With almost 200 calories in a large glass of champagne, it’s no surprise that the UAE’s brunching culture is a prime contributor to the infamous ‘Dubai stone’. And it’s not just the stomach-bloating bubbly that’s to blame, either, there’s the 7pm sofa dive and pizza delivery, not to mention the hangover-induced burger binge the next day to consider, too.
In fact, on an average boozy brunch weekend, we can consume around 3,000 extra calories thanks to alcohol, and booze-related snacking. So, you may have lived on nothing but salad all week, but any mid-week ‘good dieting’ you’ve done can be cancelled out by one 48-hour binge.
So, how much of a difference can cutting alcohol from your diet really make? Nine kilos, according to Kate Hudson, who credits her recent weight-loss with an alcohol ban. While Britney Spears– whose booze/binge cycle was blamed for her 2008 breakdown – attributes cutting back on drink to her new toned, 10-kilos-lighter bod.

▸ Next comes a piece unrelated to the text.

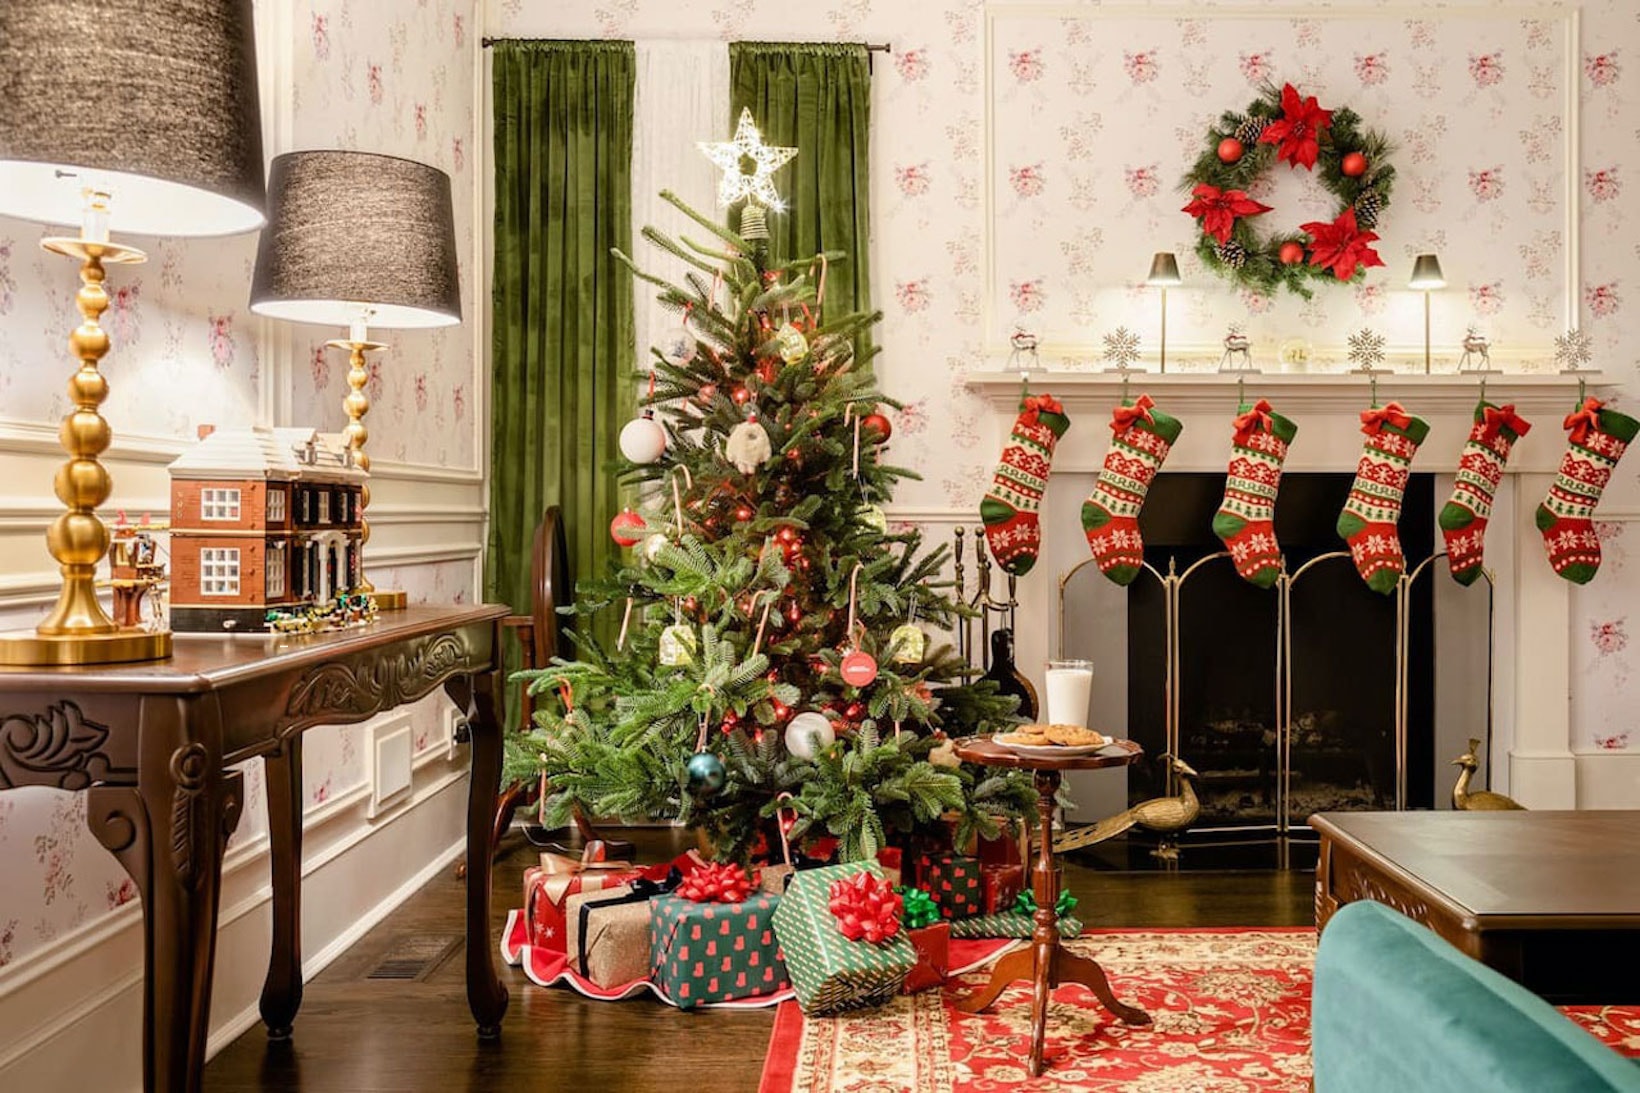 Original Home Alone House Airbnb Rental Christmas

But, even if you don’t want to ban booze completely, even cutting down can make a dramatic difference. Liz Hurley has switched out her wine – which can contain almost 150 calories per large glass – for 50-calories-a-glass vodka instead.
“I don’t miss having a glass of wine because I’ve switched to vodka,” says the actress. “If I’m at a party, I have a small one with a lot of fizzy water and a huge squeeze of lime.”

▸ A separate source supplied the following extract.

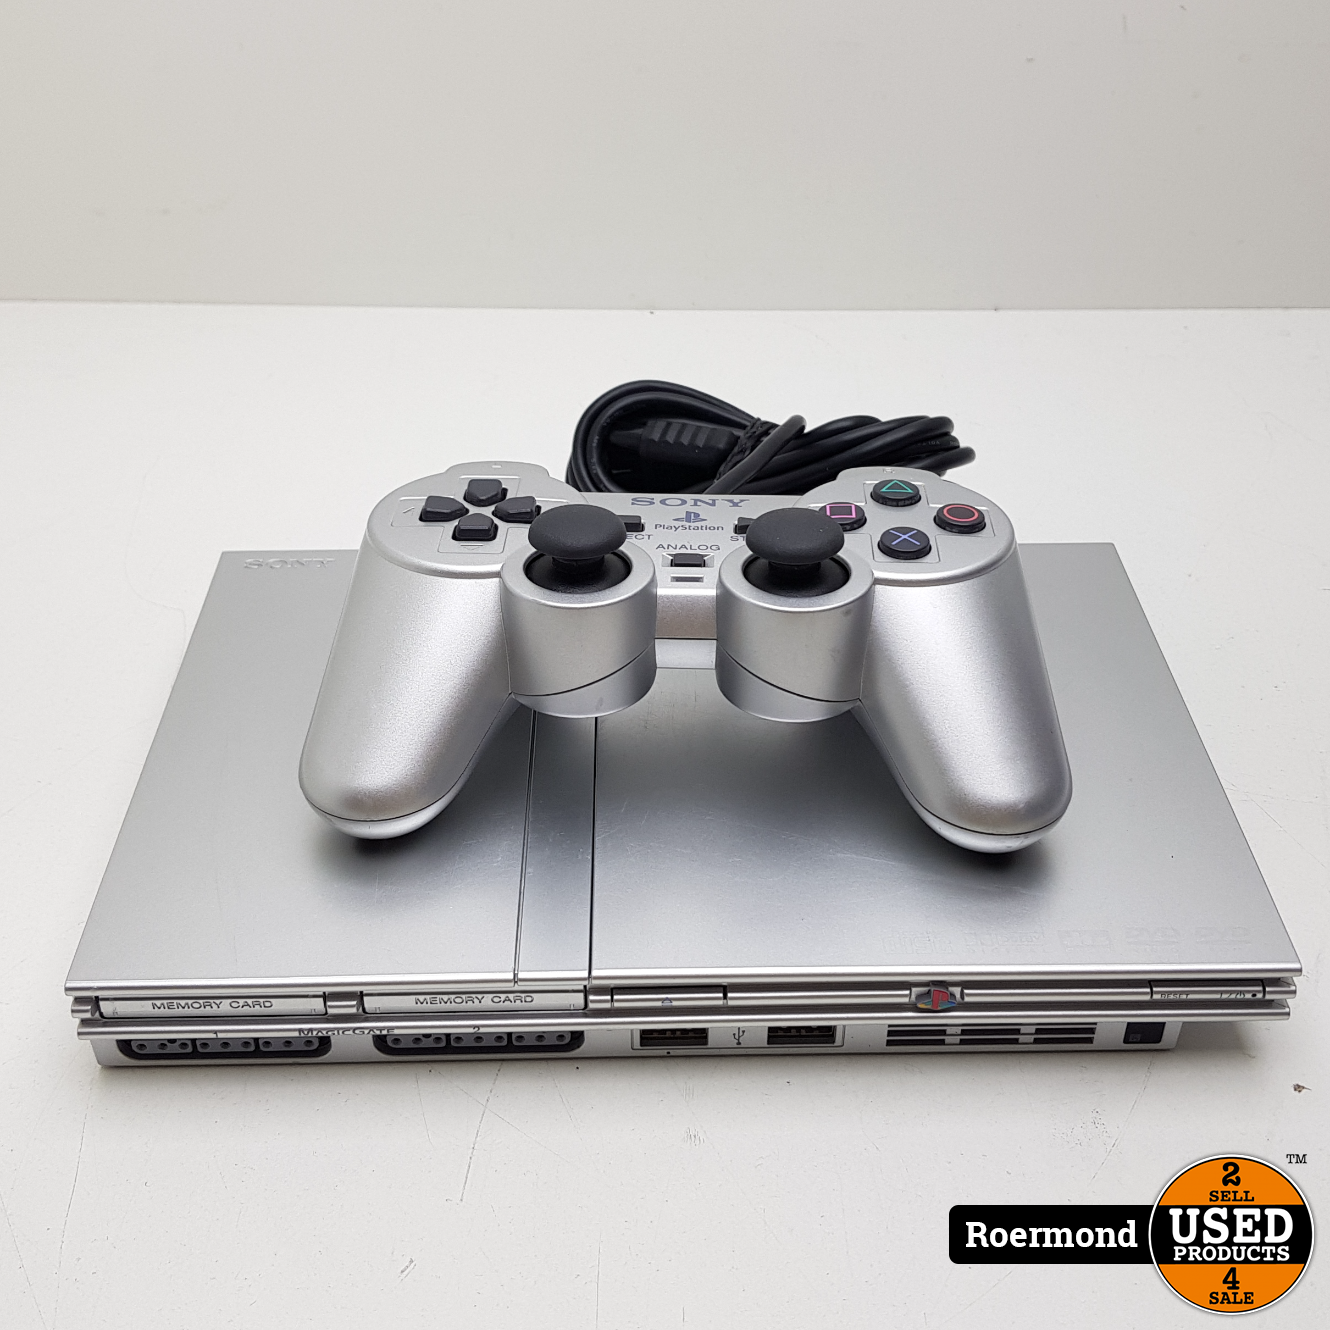 Boos amusement vloek Sony Playstation 2 slim Zilver met controller I Zgan - Used Products  Roermond

Even former party animal Kate Mosshas rationed her drinking quota, limiting her alcohol intake to the weekends, guzzling water during the week – and the results are evident in her glowing complexion.
“She is now eating three regular healthy meals a day. She is also drinking two litres of water a day,” spilled a friend of the super. “Her alcohol consumption is being limited to only when she goes out and she has made a pact with Jamie that she will try not to drink during the week.”
According to liver specialists, having at least three alcohol-free days a week can dramatically reduce associated health risks, while switching to smaller measures – for example, a 125ml glass of wine instead of a 175ml glass – will reduce your intake when you do drink.
“Abstain from sugary mixers and drink wine, light beer, or spirits mixed with club soda, and only in moderation,” advises LA-based dietician Ashley Koff, who also advocates maximising hydration to avoid the after-effects of booze.
“Be sure to hydrate not only with water, but with water-based fruits and veggies and potassium-rich coconut water and avocado.”